In principle, after reaching a minimum in the aftershocks phase (point 2), magnitude values temporarily go back to about 50% of the second maximum amplitude (M), calculated based on the transition line, before starting descending again.

In some cases, they increase over 50% by forming two EQ having similar magnitude (DEQ) while sometimes the magnitude values exceed several times the transition line before definitely dropping and forming multiple earthquakes (MEQ).

After the magnitude values’ drop below the transition line, the minimum magnitude value can be calculated by measuring the distance between mainshock and transition line (green arrow) and drawing the latter from the breaking point downwards, perpendicularly to the transition line (Figure 4(b)).

Often the minimum target is reached and exceeded during aftershocks phase. In this case, it is possible to estimate a second minimum target by projecting from magnitude value’s transit point below the transition line, in addition to the second maximum (green arrow) and the first maximum (red arrow) amplitude.

The preliminary range of fourth maximum magnitude values in RFMA (point 7) (Figure 4(c)) can be calculated by drawing from the first maximum (point 1) a line parallel to the transition line and considering the distance between transition

and parallel line as the expected magnitude values’ dynamic range.
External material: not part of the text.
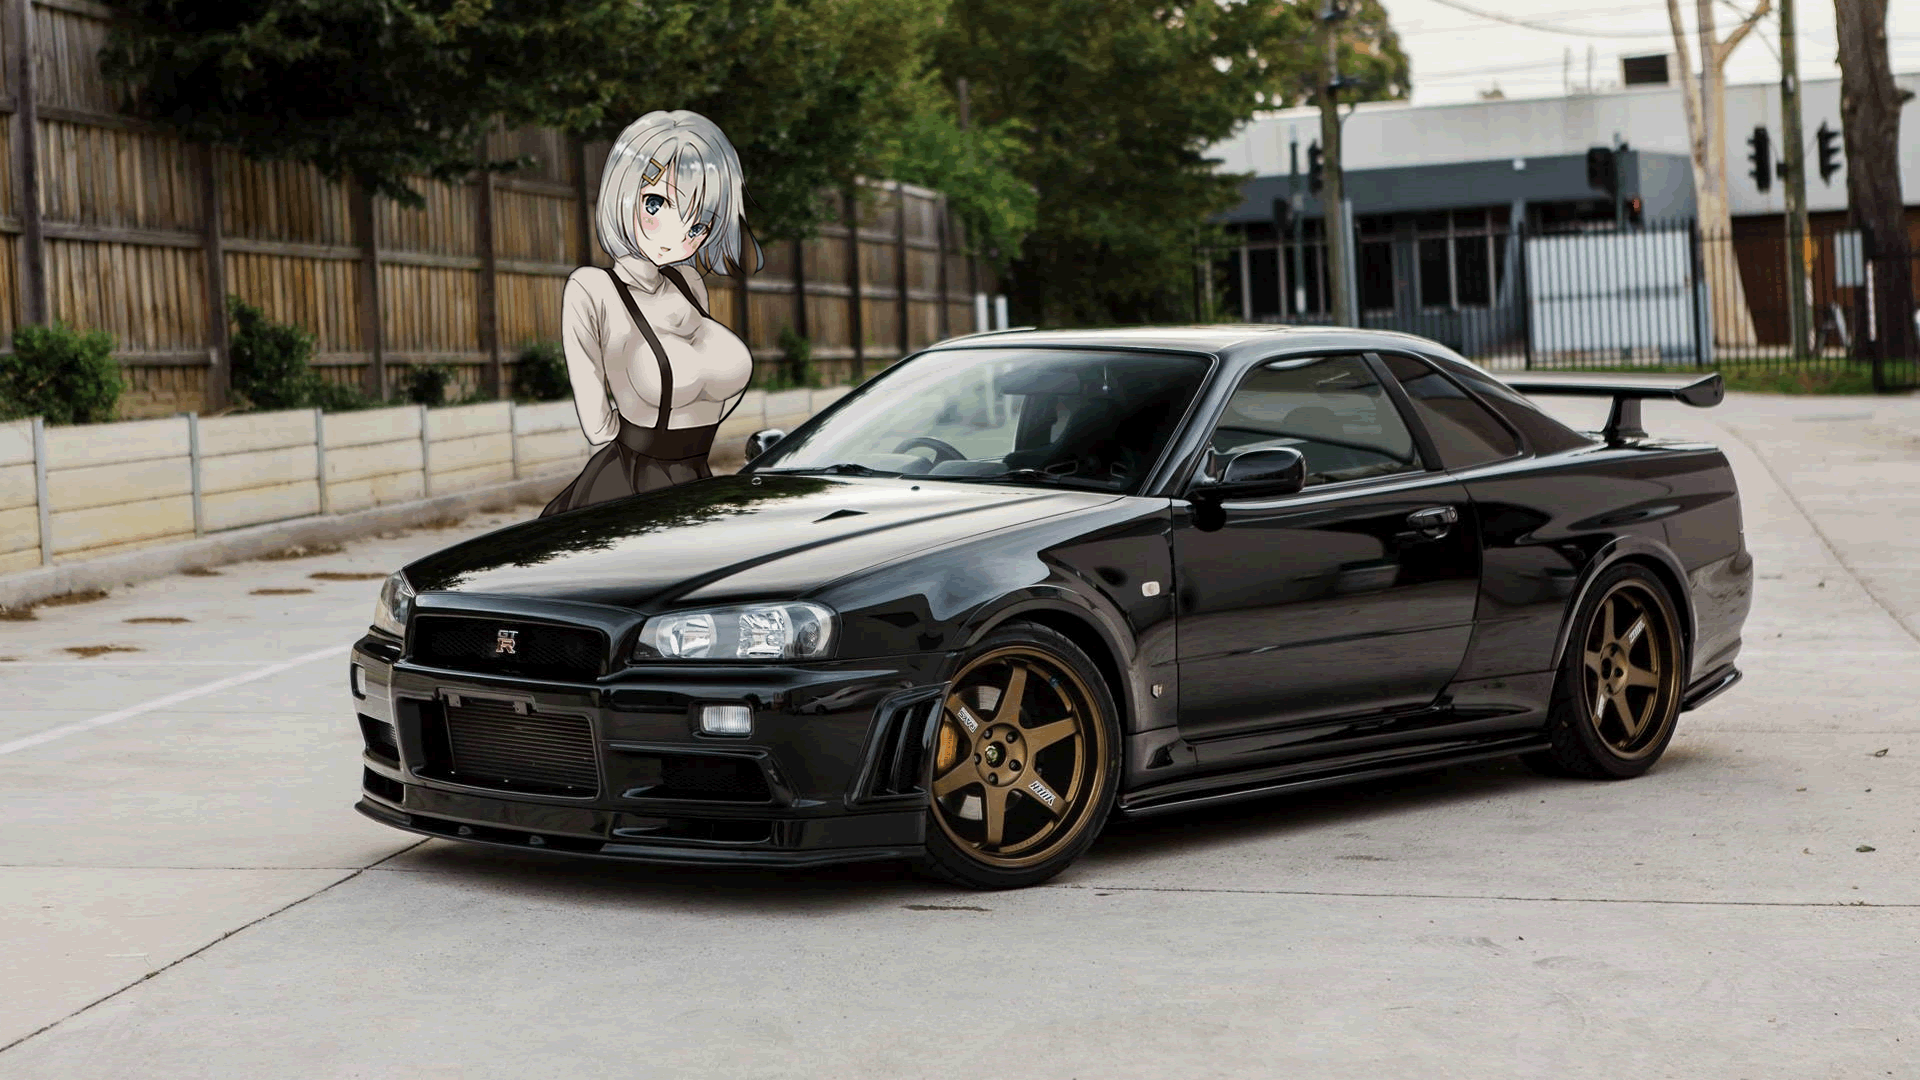 jdm cars and girls wallpaper

The fourth maximum magnitude value may also be computed by measuring the distance between the second minimum (point 4) and the transition line (green arrow) and projecting the latter from the second maximum (point 5) upwards (red arrow).

3. Results

In order to classify DEQ occurred in various parts of the world, we analysed several seismic sequences using the catalogs of the National Institute of Geophysics and Volcanology (INGV) [19] and the U.S. Geological Survey (USGS) [20] . For each sequence, we examined individual and double earthquakes as well as changes in foreshocks, mainshock and aftershocks-related activities.

Based on seismicity fluctuation, we identified two earthquakes categories:

1) individual earthquakes;

2) double and multiple earthquakes.

In the first category, the largest shock is easily identifiable because of its greater magnitude compared to other earthquakes in the sequence.

Individual earthquakes include the following typologies:

(A) “Progressive Earthquakes” (Figure 5(a)) where a strong earthquake is preceded by one or more foreshocks of various order, whose epicenter sometimes is close to mainshock’s [20] ;

(B) “Flash Earthquakes” that are not preceded by foreshocks (Figure 5(b)).

Figure 6 shows FMA patterns (green, red and yellow circles) related to eight EQs occurred in Italy from 1997 to 2016 along with the transition line (red), activation signals (red and yellow triangles) and dynamic magnitude target (black circles) of the third maximum estimated based on the line parallel to the transition line (green).

Table 1 reports datasets’ spatial coverage (latitude and longitude), depths and magnitude values’ range used, and Table 2 displays the information regarding the shocks between the first (F) and the second maximum (M) in FMA pattern.

As can be inferred, each second maximum (M) was preceded by shocks occurred with a maximum delay of about seven days and at a distance less than 85 km. Most activation signals (red triangle) were activated a few minutes before the second maximum (M), while foreshocks (F) occurred approximately within seven days of the mainshock (M). FMA pattern completion occurred the moment when magnitude values dropped under the transition line, while the third maximum was formed within the dynamic range established by the transition line and the relevant parallel line drawn from the first maximum.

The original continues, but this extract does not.